A new large cruiser style design would likely be an expensive option for the programme, but would seemingly be more than capable of meeting any expected specifications for the Type 83, with plenty of space and weight available for both a high-end sensor suite and a large missile capacity comparable to other foreign high-end air-warfare destroyer/cruiser designs such as the PLAN's Type 055 or the USN's upcoming DDG(X), both in 10,000+ tonne range.

==== Arsenal ship ====
In June 2023, Navy Lookout reported on a concept for an 'arsenal ship' design that appears to have originated from a Royal Navy presentation during a Navy Leaders 2022 presentation on FADS and the Type 83. This vessel would be around 4,000 tonnes, have a crew of fewer than 50, and feature both a high-end air-warfare sensor suite and large VLS capacity. The design would also aim to focus on survivability, with the crew centred in an heavily armoured habitable core and the outer compartments filled with inert gas, leaving damage control tasks to automated systems. However, it would not feature any anti-submarine capability or hangar facilities, and only a light gunnery armament for force protection.
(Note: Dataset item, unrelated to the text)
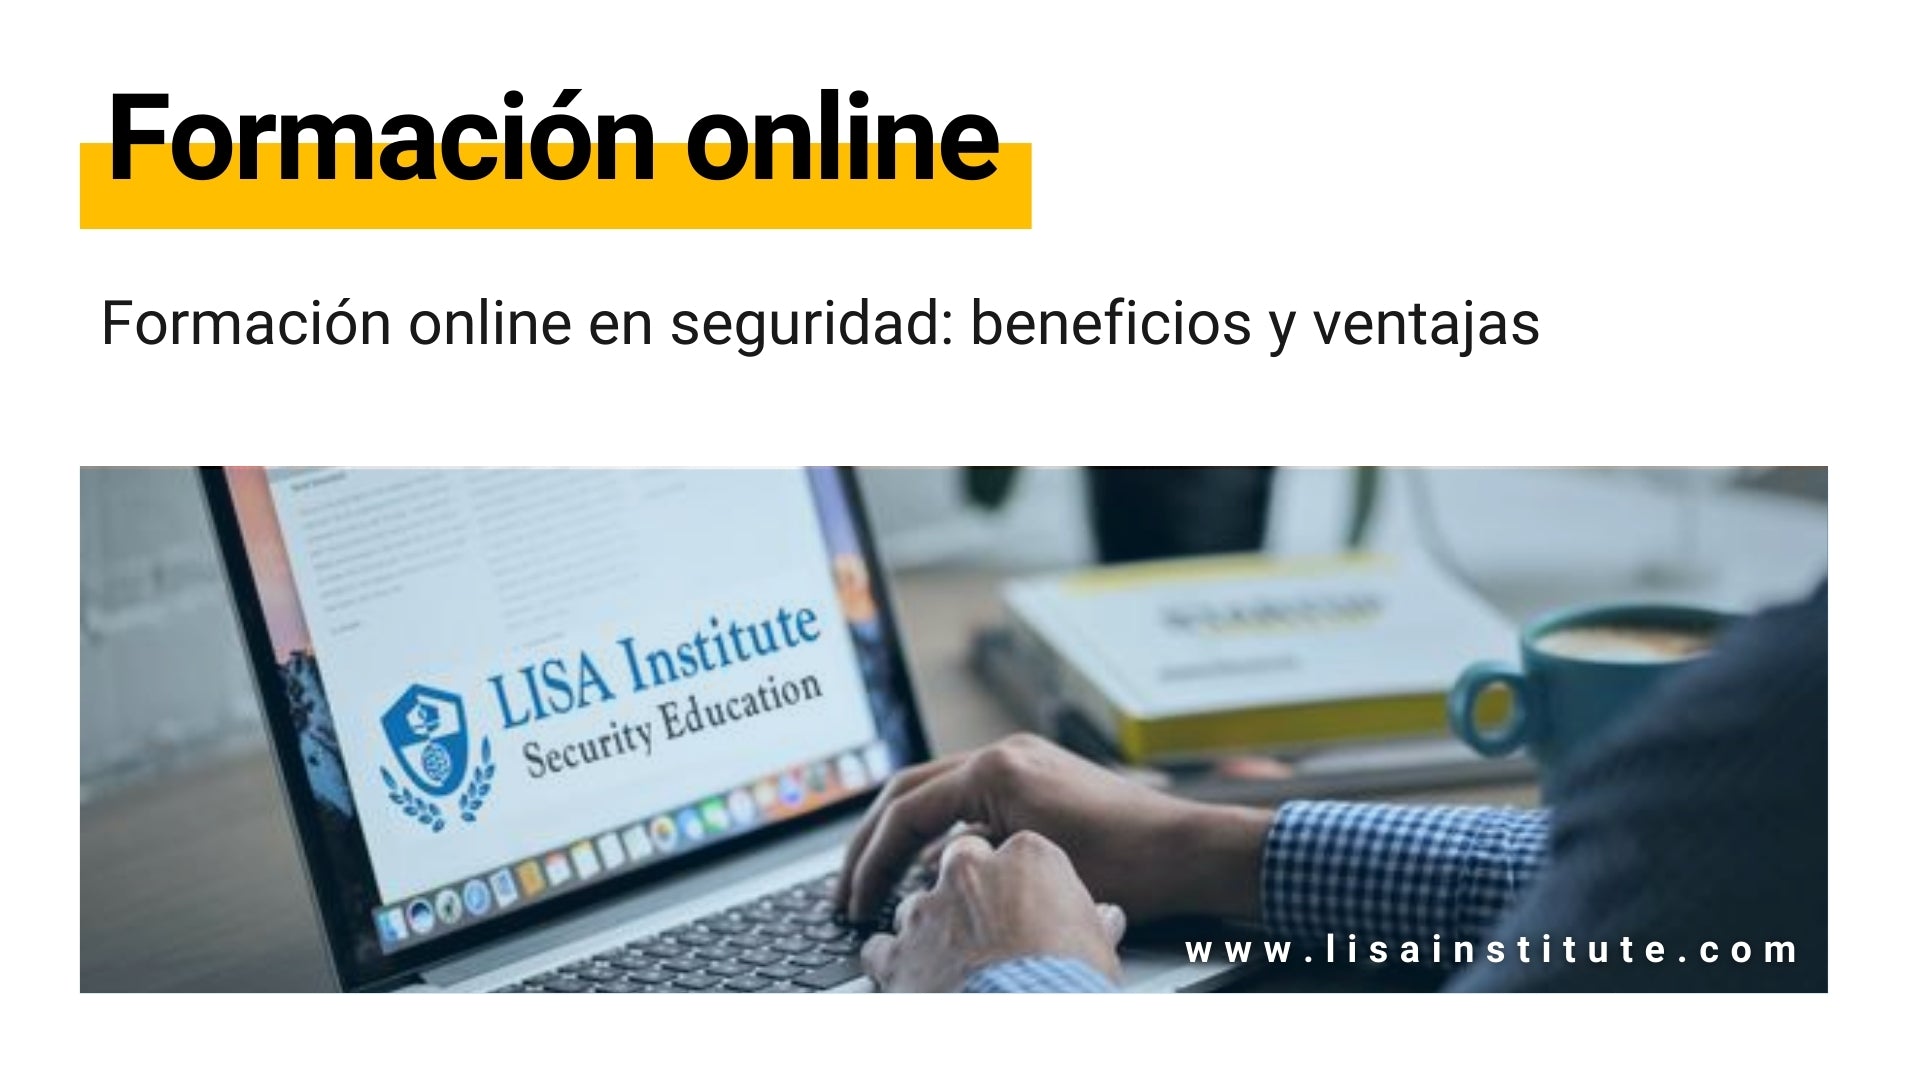 Formación online en seguridad beneficios y ventajas - LISA Institute

A potential benefit of such an approach would be that the lower crewing requirements and reduced sustainment costs could allow for three to four times the number of hulls to be procured over the six Type 45s, allowing for a much greater distribution of air-defence assets around a carrier strike group. Another benefit would be having additional ships available for alternate deployments such as mainland defence. However, at the cost of complete specialisation towards air-defence, it would lack much of the command and other peacetime capabilities found in its predecessor. A proposal would see these arsenal ships augment the Type 83s and be termed Type 91. At the 2025 CNE conference in Farnborough, a Royal Navy Commodore stated the Type 91 was in the pre-concept phase. Type 91 survived review in the 2026 Defence Investment Plan (DIP) and, as of 2026, was still moving forward.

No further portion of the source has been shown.